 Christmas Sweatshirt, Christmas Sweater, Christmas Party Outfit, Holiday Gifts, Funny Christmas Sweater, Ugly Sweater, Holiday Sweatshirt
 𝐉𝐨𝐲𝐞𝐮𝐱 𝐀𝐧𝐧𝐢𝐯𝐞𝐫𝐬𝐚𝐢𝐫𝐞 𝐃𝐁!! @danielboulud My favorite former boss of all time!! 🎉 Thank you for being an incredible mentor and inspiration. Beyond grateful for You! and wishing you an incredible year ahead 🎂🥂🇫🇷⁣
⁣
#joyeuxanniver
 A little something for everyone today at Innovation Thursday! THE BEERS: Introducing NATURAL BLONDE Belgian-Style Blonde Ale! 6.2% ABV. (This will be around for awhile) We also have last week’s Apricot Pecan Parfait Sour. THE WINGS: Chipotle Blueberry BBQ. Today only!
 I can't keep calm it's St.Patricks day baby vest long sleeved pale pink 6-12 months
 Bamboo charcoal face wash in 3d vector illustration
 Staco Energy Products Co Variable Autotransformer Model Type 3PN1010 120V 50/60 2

***

Exercise prompt: Each line from the one with "Bamboo charcoal face" through the last line of the material is to be retyped exactly, and no other line is.

Task response:
 Bamboo charcoal face wash in 3d vector illustration
 Staco Energy Products Co Variable Autotransformer Model Type 3PN1010 120V 50/60 2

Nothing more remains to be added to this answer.